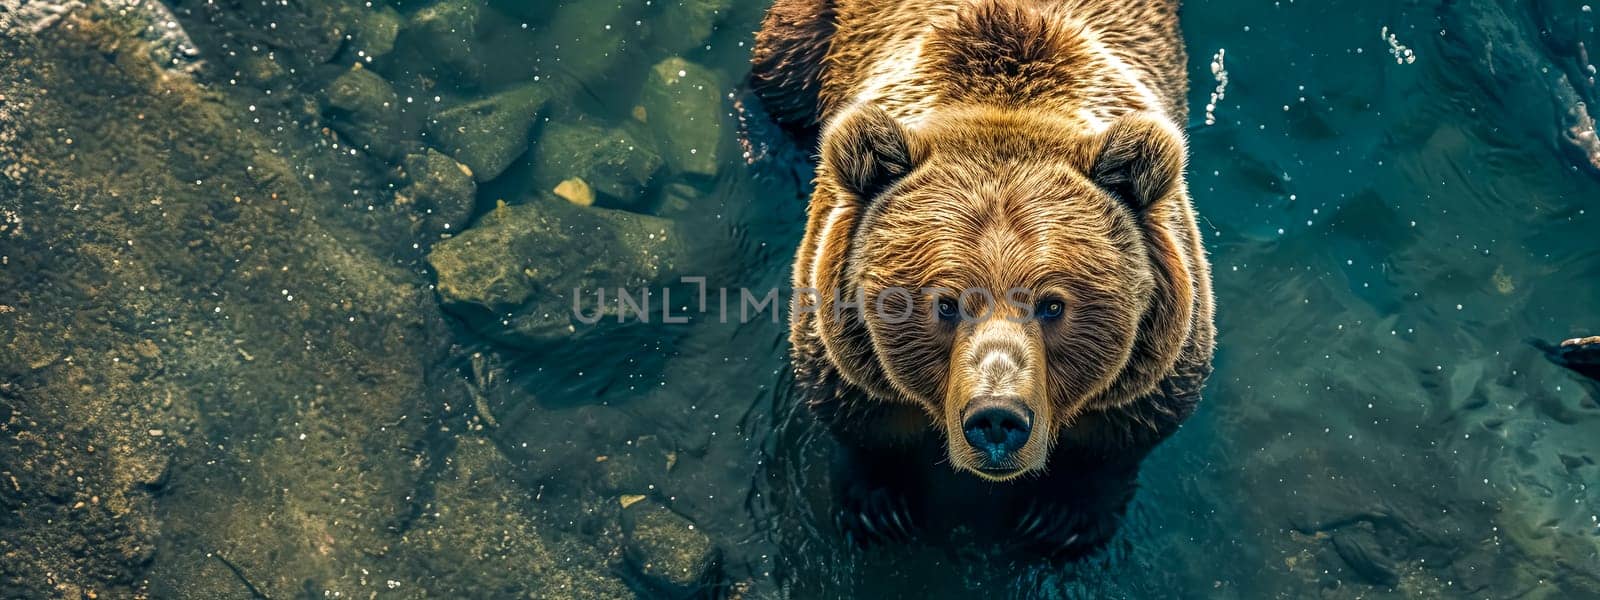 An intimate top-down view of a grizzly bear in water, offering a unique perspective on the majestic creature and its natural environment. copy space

==

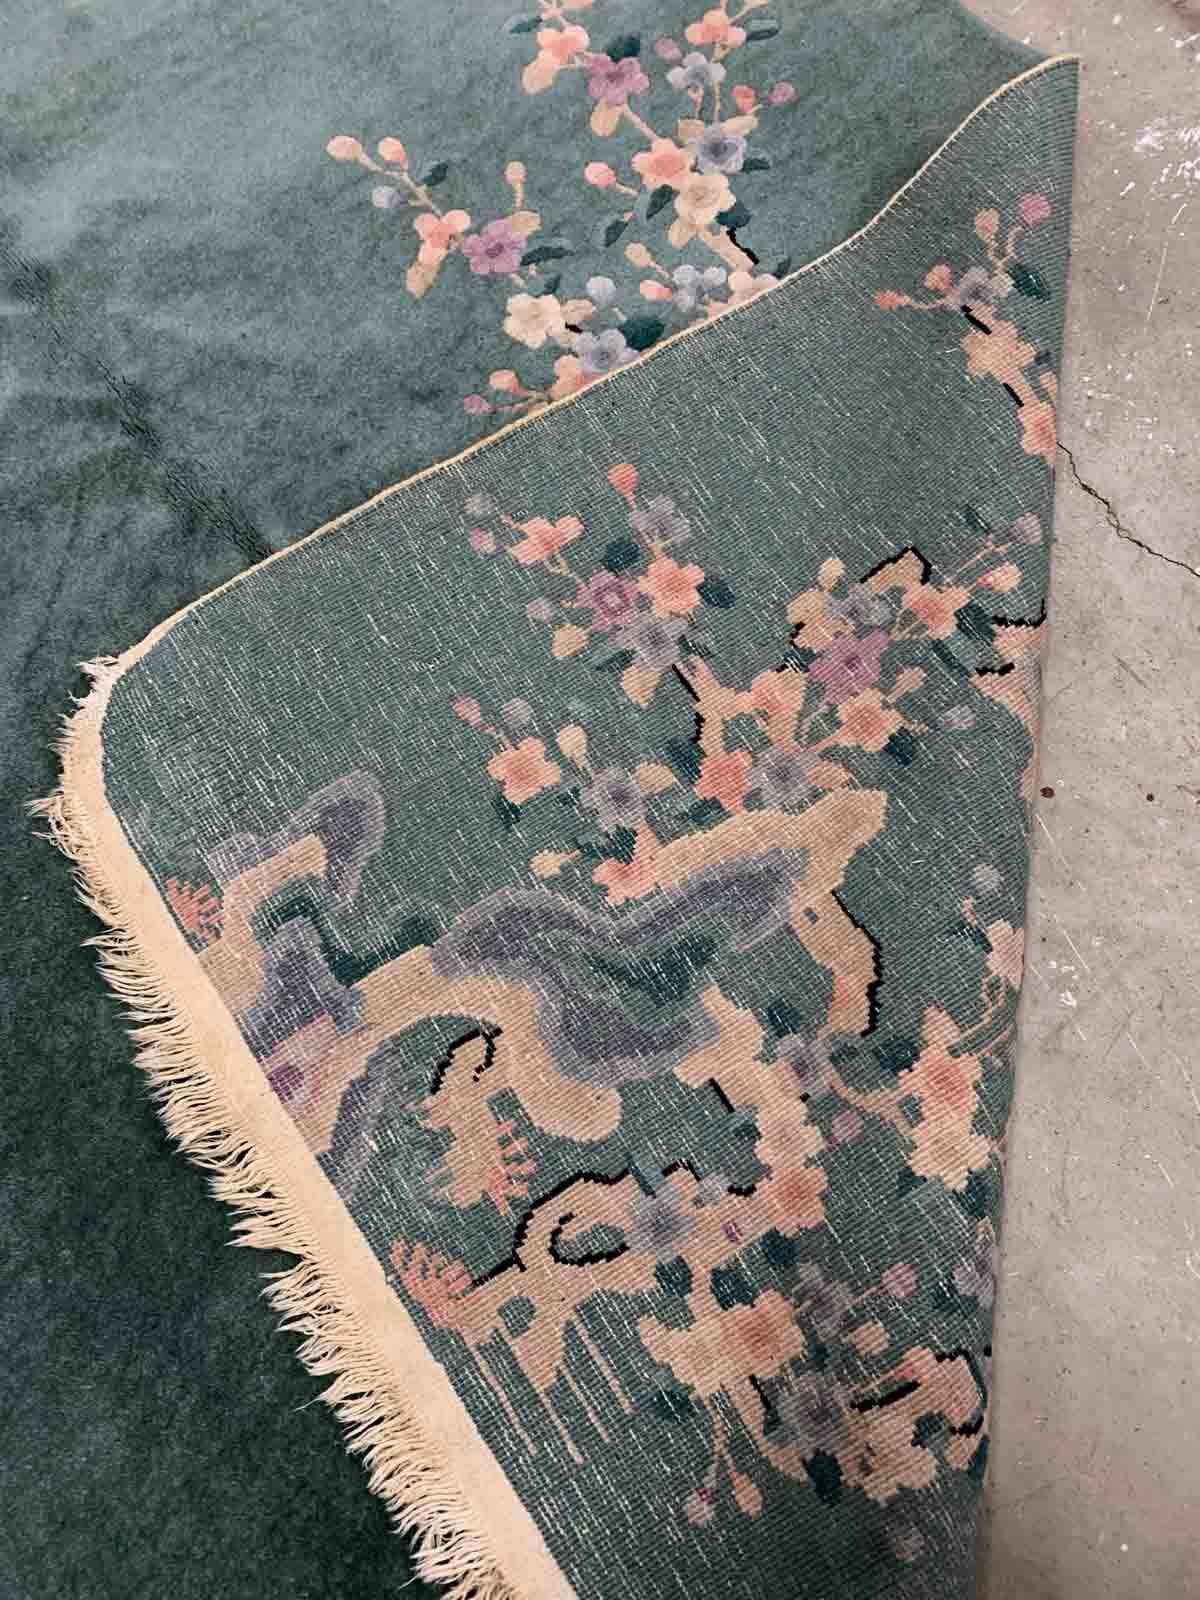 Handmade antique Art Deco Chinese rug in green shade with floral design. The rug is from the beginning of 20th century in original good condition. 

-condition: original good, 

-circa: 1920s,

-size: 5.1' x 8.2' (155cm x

### About this task
Write out again exactly the lines above from the one with "Handmade antique Art" through the one with "-size: 5.1' x 8.2' (155cm x", adding no other lines and no pictures.

### Exercise result
 Handmade antique Art Deco Chinese rug in green shade with floral design. The rug is from the beginning of 20th century in original good condition. 

-condition: original good, 

-circa: 1920s,

-size: 5.1' x 8.2' (155cm x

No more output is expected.